The main methods for gathering information about the programme were:
- attending training and feedback meetings for the bureaux / forums involved
- extracting numerical data about the reach of the projects from the returns submitted by the bureaux / forums.
- recording information and opinions from participants and bureaux staff through questionnaires
- visiting and observing forums.
- telephone interviews with participating bureaux and participants/beneficiaries of the programmes
- discussions with the central FSfL team from Citizens Advice
The wider financial capability environment
While this is not the place to carry out a detailed analysis of the policy and practice environments in which FSfL 2007 was conceived and carried out, it may be of help, particularly to readers who are less involved with the day to day cut and thrust of this world, to highlight a few of the main policy landmarks against which Citizens Advice developed the project.
In the UK, concern has focused around a number of areas. The regulation of the Financial Services industry in the late 1980s was largely a response to the difficulties experienced by the public in dealing with an increasingly complex and sophisticated financial retail sector. This thread of concern has been characterised over the years by a number of product ‘mis-selling’ episodes which have implicated the private sector over such things as endowments and ‘precipice bonds’. Even Governments have faced accusations from some quarters of mis-selling over changes in the rules applying to pensions.
A second strand of concern has focused on those members of the public who have been in effect left behind by the increasing pace of change in financial markets. The growing importance of having a bank account to manage both personal finances and also interact with employers, Government and others has meant that those unable or unwilling to get a bank account have become disadvantaged in a real monetary sense through often having to pay more for their goods and services. This has become known as financial exclusion and the many organisations now engaged in trying to bring the excluded into the financial services fold refer to their efforts as financial inclusion work.

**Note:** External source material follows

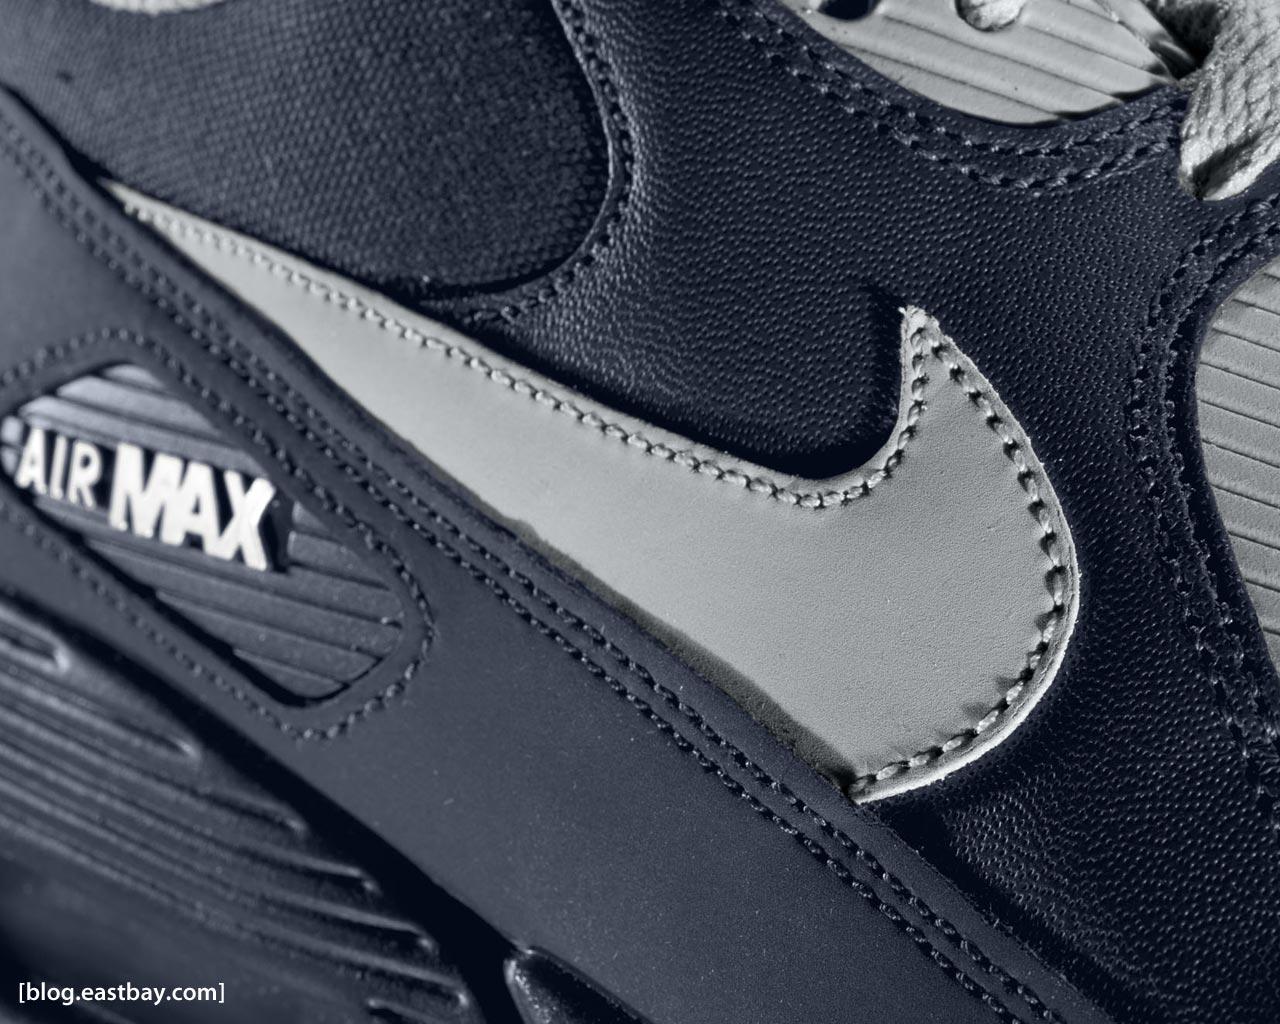 Nike Air Max Wallpapers - Wallpaper Cave
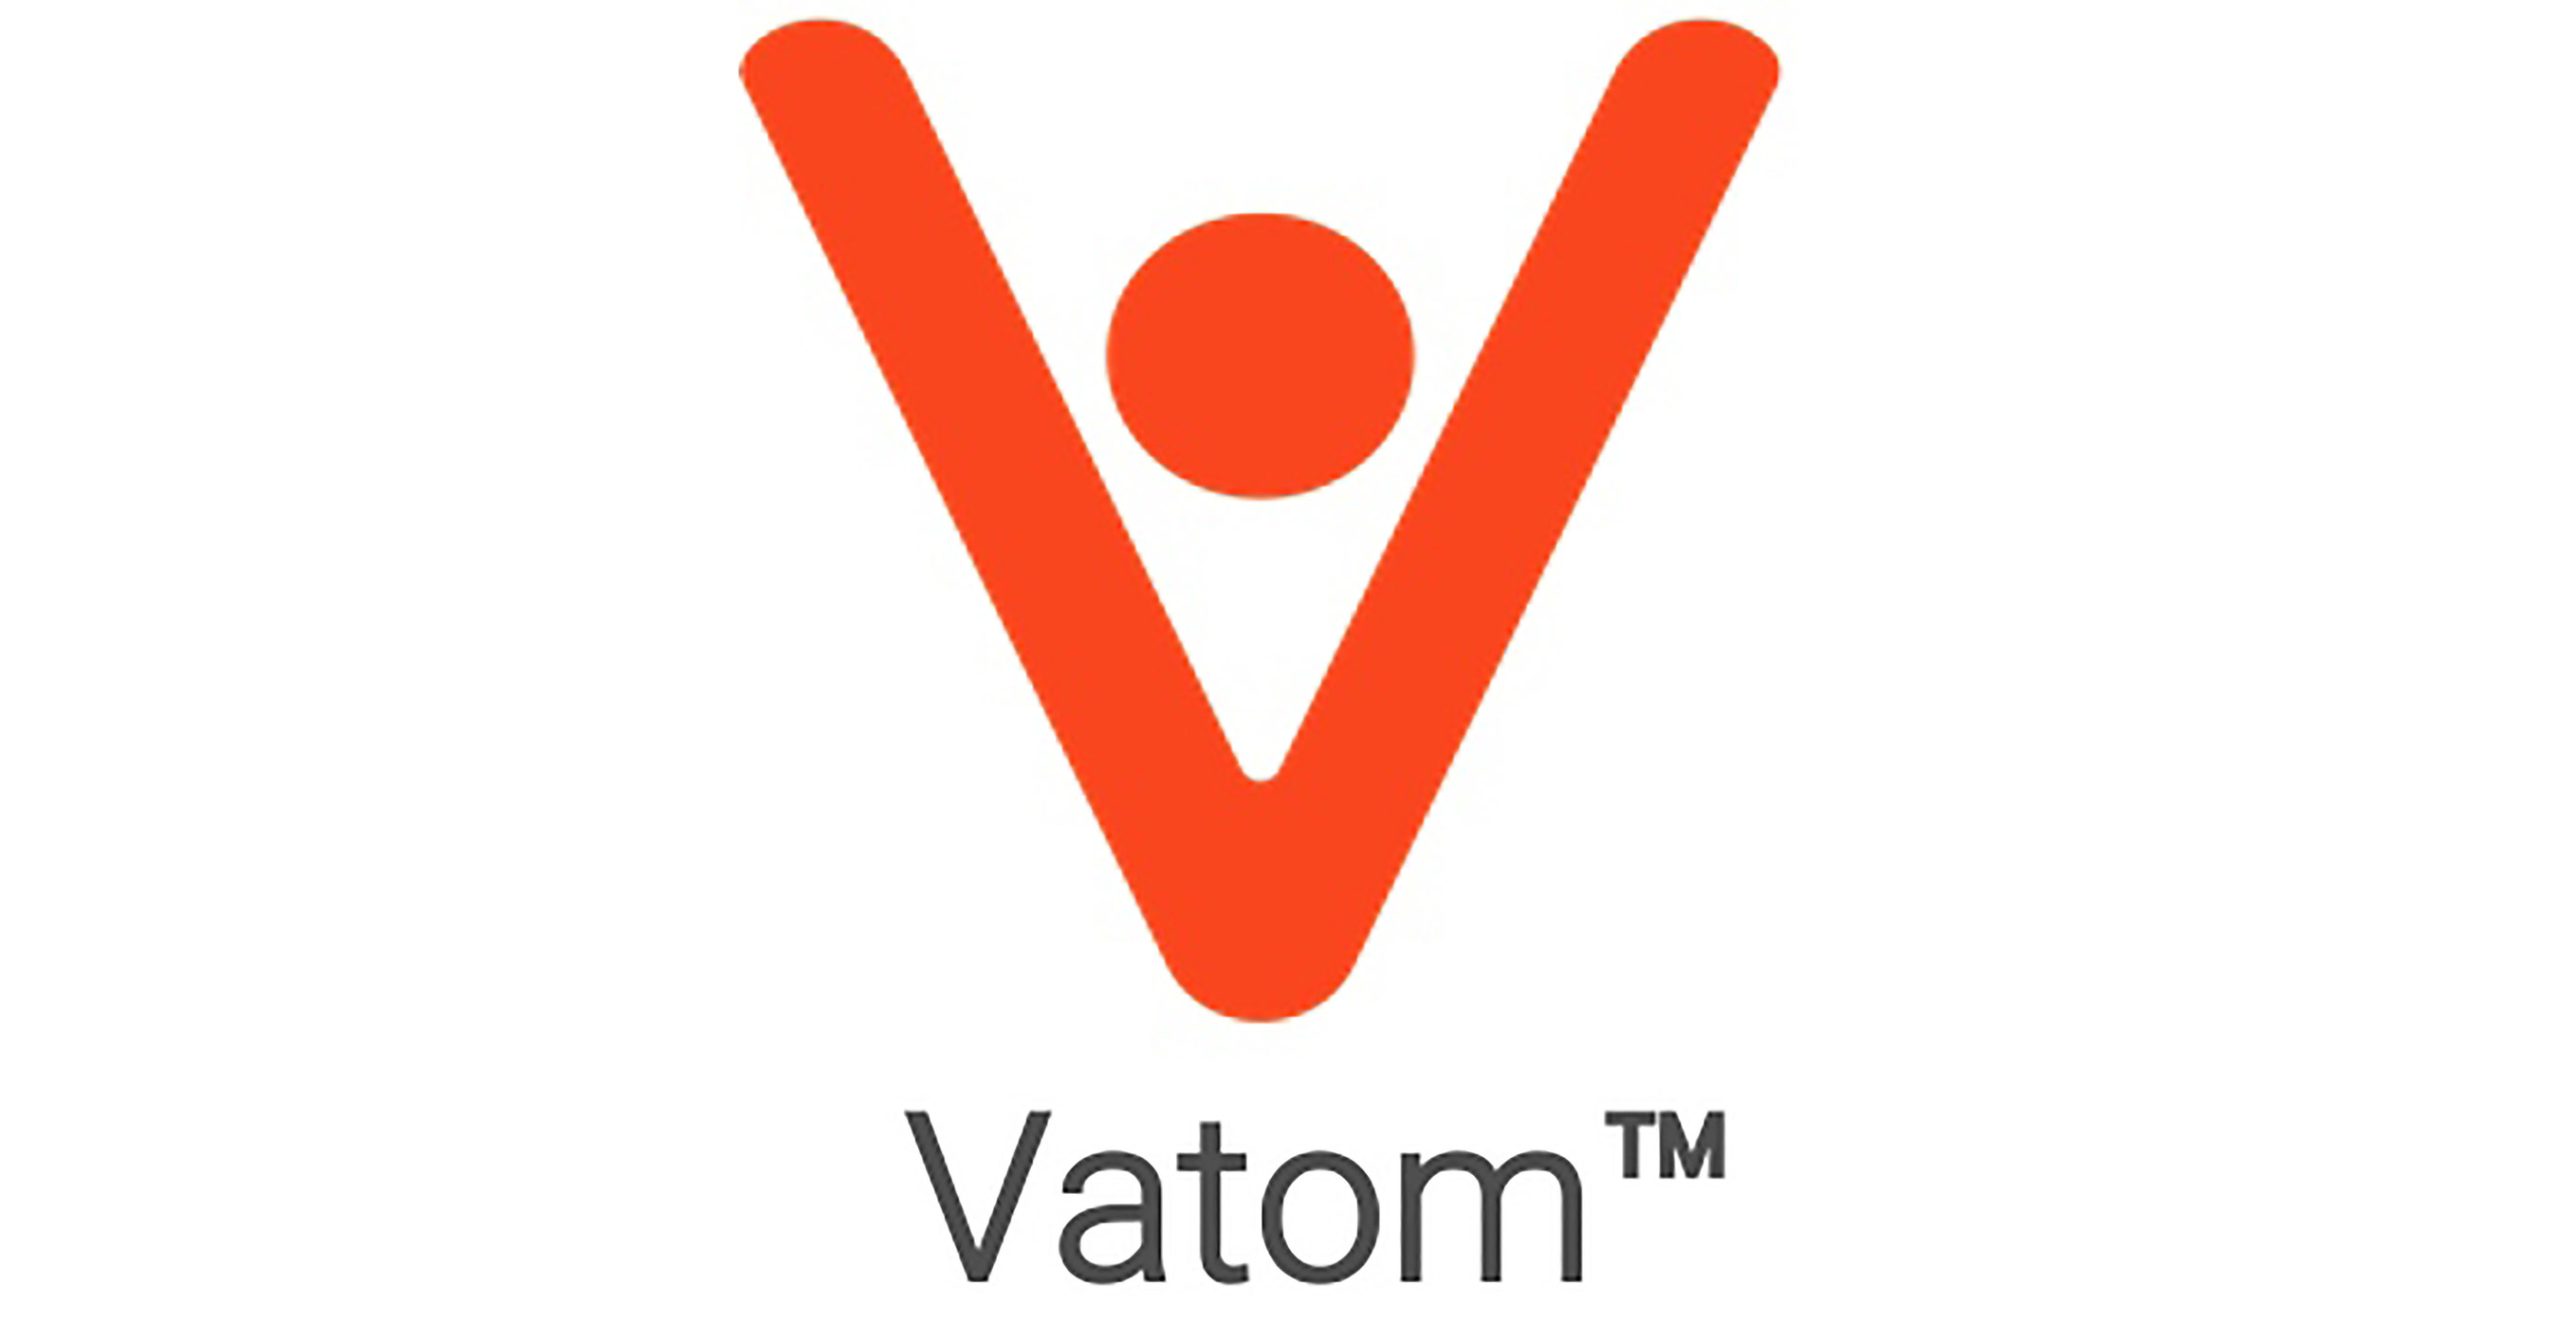 La plataforma Web3 líder, Vatom, se asocia con Premiere Music Experiences, se prepara para desatar el futuro de las experiencias de los fans y anuncia su expansión internacional

A third major area of concern is the massive increase in personal indebtedness that has occurred across all sections of society in the wake of the liberalisation of the credit markets over recent decades. Easy access to consumer credit, largely through the introduction of credit cards, has been encouraged by a succession of Governments as a way of increasing personal consumption and boosting the economy. Much has been written on the particular ways that this affects the poor in society.
Citizens Advice has long seen its remit as being to help those least able to help themselves with advice to tackle all manner of problems, many relating to their interactions with public sector bodies. The seemingly inexorable rise in the number of personal debt problems being brought to the doors of their bureaux has convinced them of the need not only to give advice to those in crisis but also to use the same knowledge and skills to help people learn how to avoid getting into crisis in the first place. Citizens Advice Chief Executive, David Harker, has referred to this as the top of the cliff/bottom of the cliff syndrome where the role of Citizens Advice should be extended to helping people learn at the top of the cliff how not to become one of the casualties who has to be rescued from the foot of the cliff.